On Sept. 26, 2014, 43 students, among them Mateo’s godson, vanished from the Mexican state of Guerrero after police allegedly handed them over to a drug cartel for execution. Their families are still looking for them. Searches across the state have uncovered numerous mass graves, but none have yielded the students. They're among more than 25,000 people who have disappeared over the past decade in Mexico.
On Monday, Mateo was at a march in Mexico City with his godson’s parents and thousands of others holding up photos of missing loved ones while protesting the Ayotzinapa case.
Meanwhile, rallies throughout San Diego County sought to remind people on this side of the border about Ayotzinapa and what it represents.
“That could have been me,” said Joanna Mayorquin, 28, a student of San Diego City College during an 11 a.m. rally on campus. She wore a shirt featuring the name “Benjamin Ascencio Bautista,” one of the missing 43 students who attended a school known as Ayotzinapa before they vanished.
During the event, she and other students kneeled on the floor, blindfolded, and stood up one-by-one, symbolizing the hoped-for return of each missing individual.
“They took them alive, we want them back alive!” chanted the students.
Other rallies occurred at the Mexican consulate on India Street in the morning and at the San Ysidro Trolley Station in the evening.
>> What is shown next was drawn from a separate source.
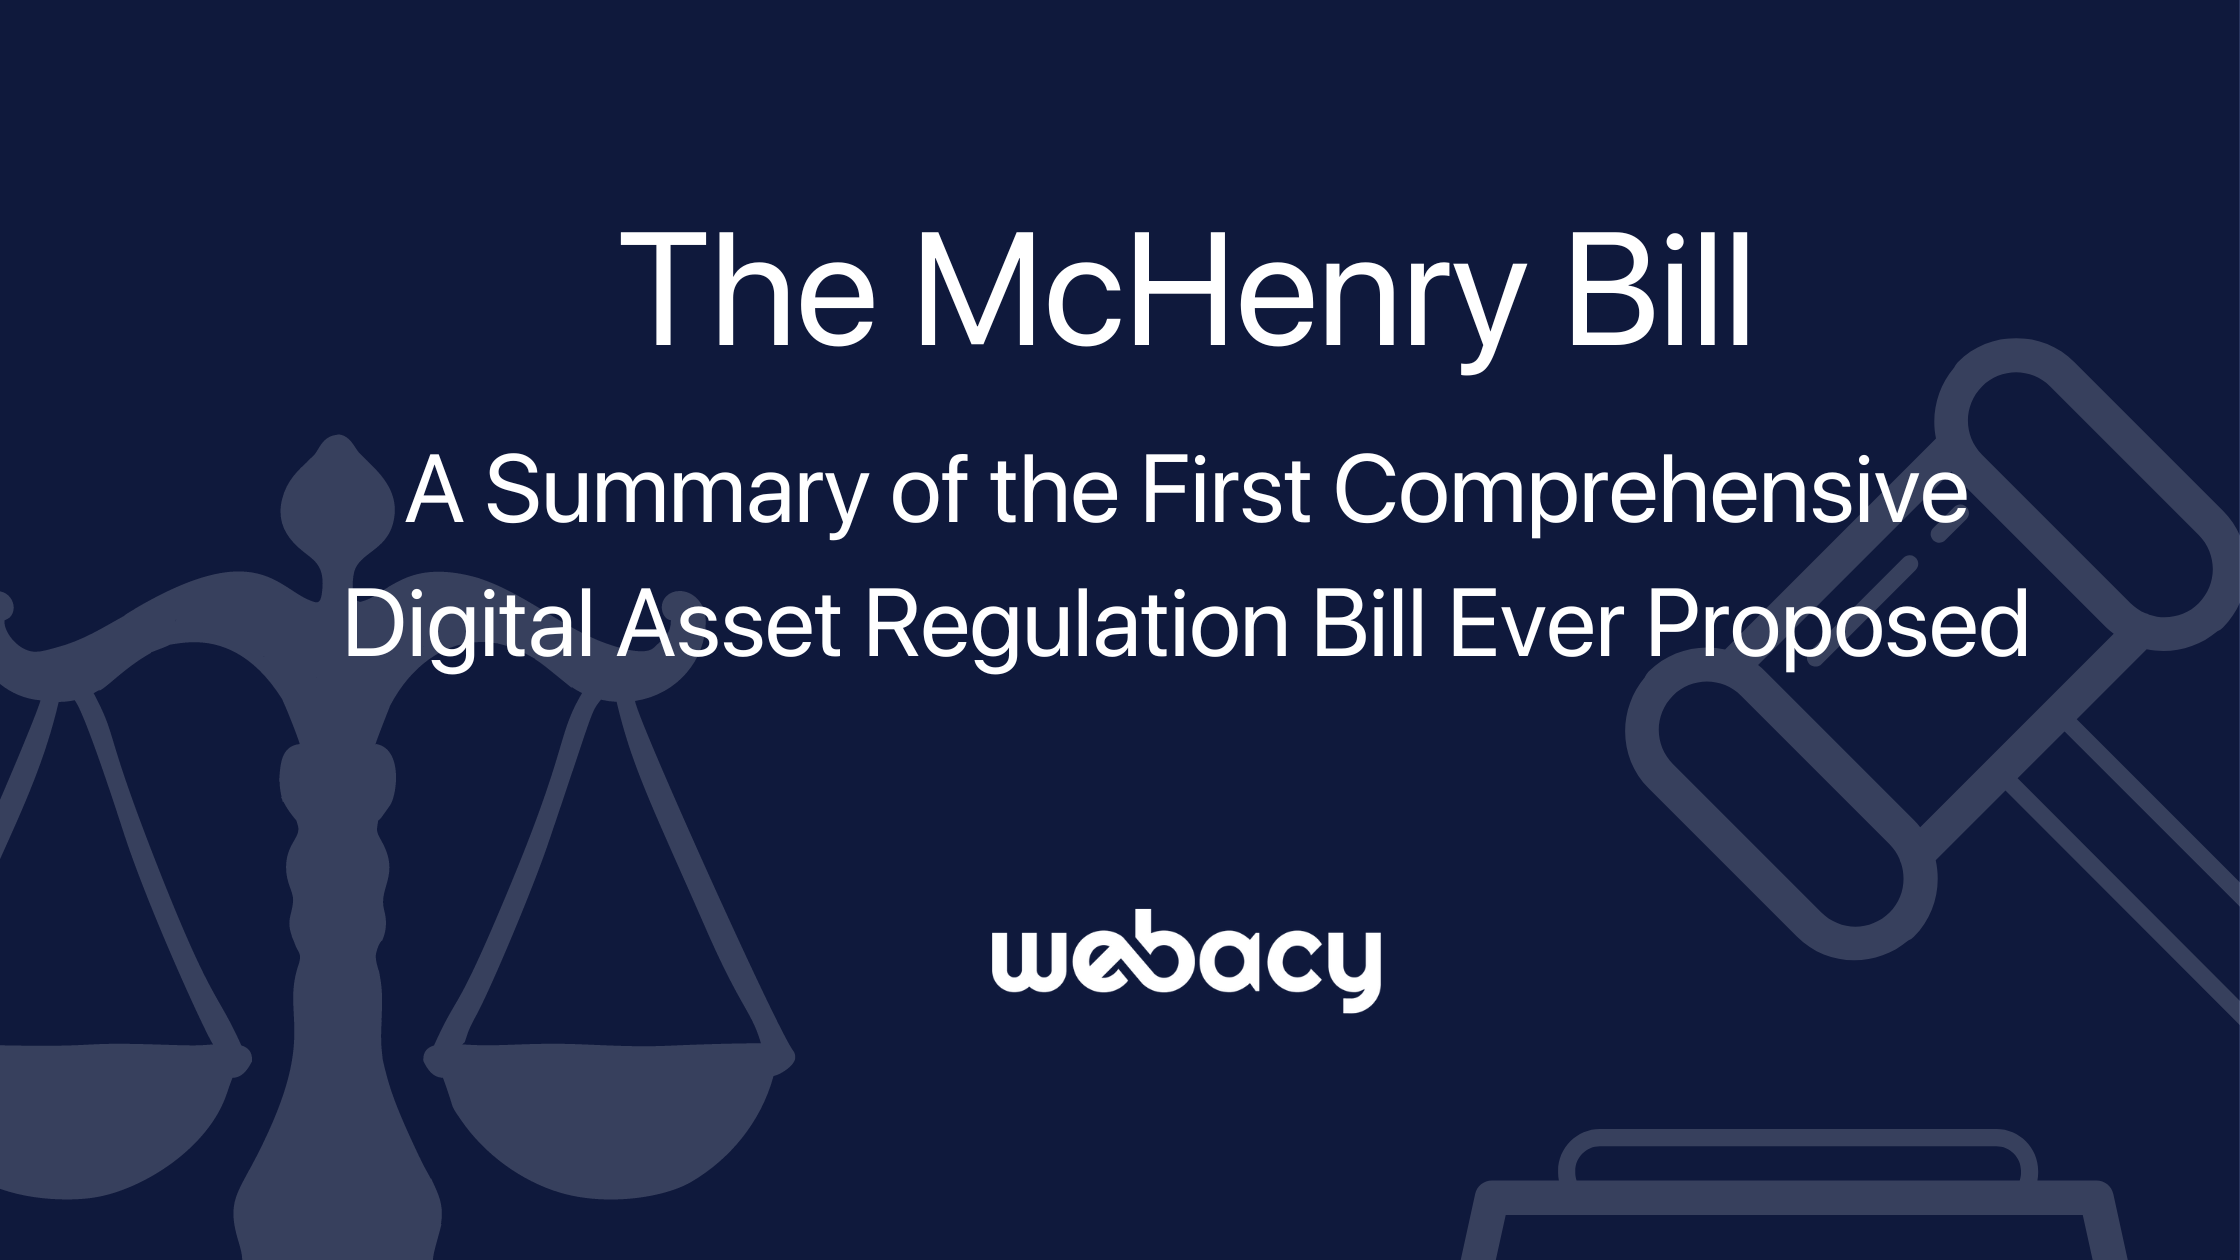 The McHenry Bill: A Summary of the First Comprehensive Digital Asset Regulation Bill Ever Proposed
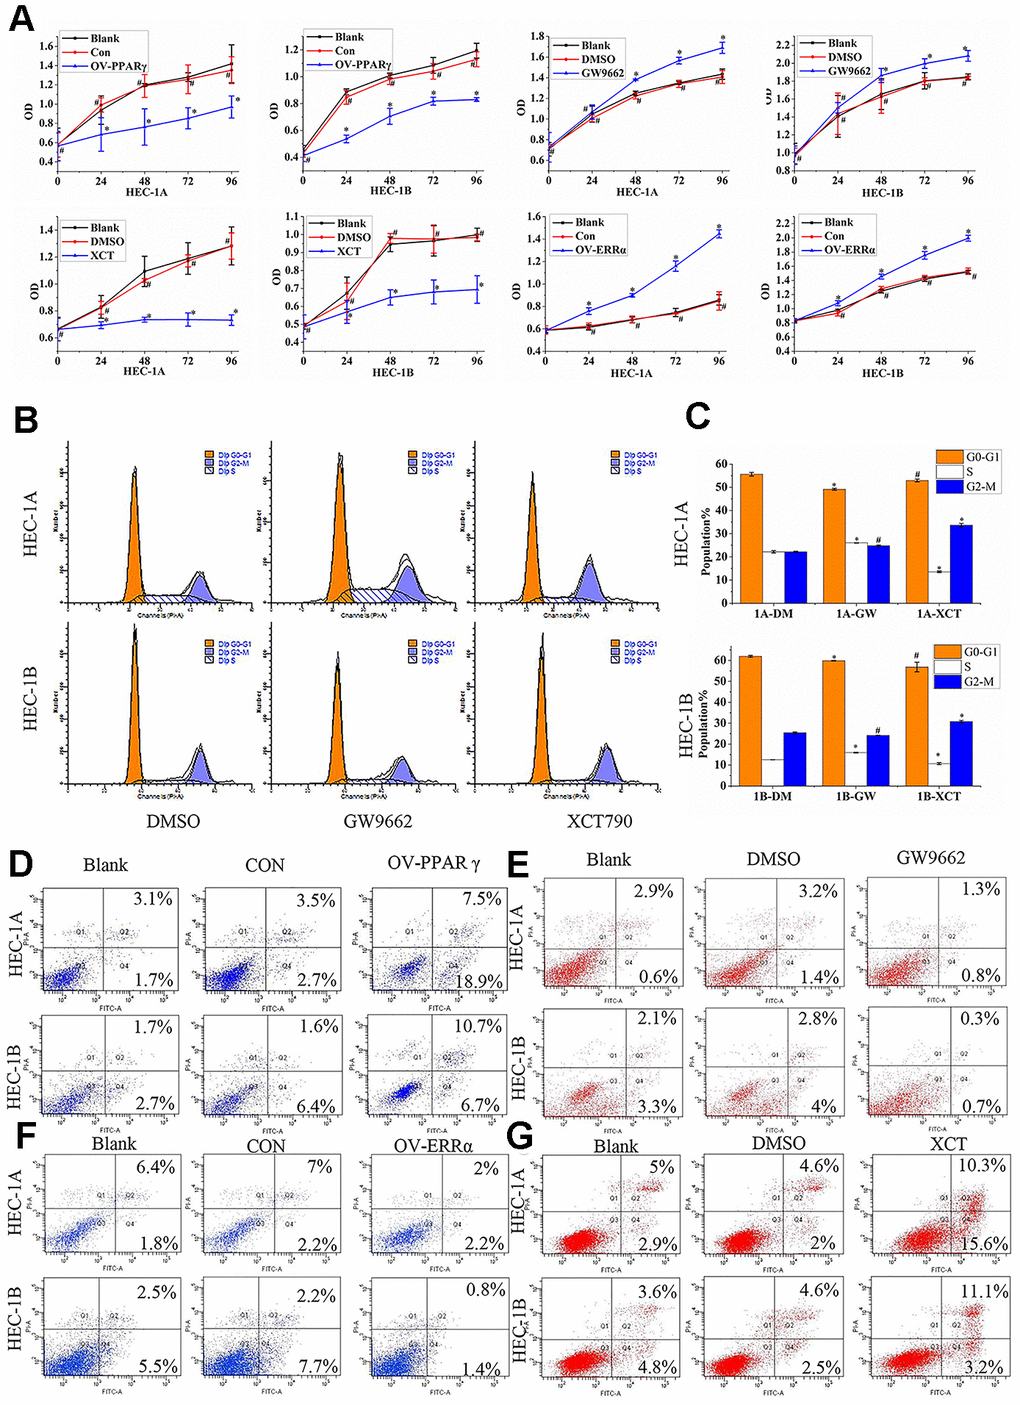 PPARγ and ERRα compete to control cell proliferation and promote apoptosis in EC cells. (A) The effect of OV-PPARγ, OV-ERRα, GW9662 or XCT790 on proliferation. The OD values of HCE-1A and HEC-1B cells were detected at 0, 24, 48, 72, and 96 h after transfection with lentivirus or treatment with ERRα and PPARγ antagonists. (B, C) The effect of GW9662 or XCT790 on the cell cycle. HEC-1A and HEC-1B cells were treated with DMSO, GW9662 (5 μM) or XCT790 (10 μM) for 72 h. (D, E) The effect of OV-PPARγ or GW9662 on apoptosis.(F, G) The effect of OV-ERRα or XCT790 on apoptosis. OV-PPARγ: overexpression of PPARγ; OV-ERRα: overexpression of ERRα. EC, endometrial cancer. *, P0.05.

The Inter-American Commission on Human Rights recently published a report showing that Mexico’s federal government has been obstructing the search for truth in the Ayotzinapa case.
According to "El Proceso," the rate of disappearance rose to a record level — an average of 12 new missing people each day — after President Enrique Peña Nieto came to office in 2012.
Mateo, the Fallbrook farmer who is looking for his godson, said hope lies in people's memories.
“The government expects that with the passage of time, people will start forgetting,” he said. “I hope we will not forget.”
One thing is sure: he won’t forget.
“I will search for (my godson) until I find him,” he said.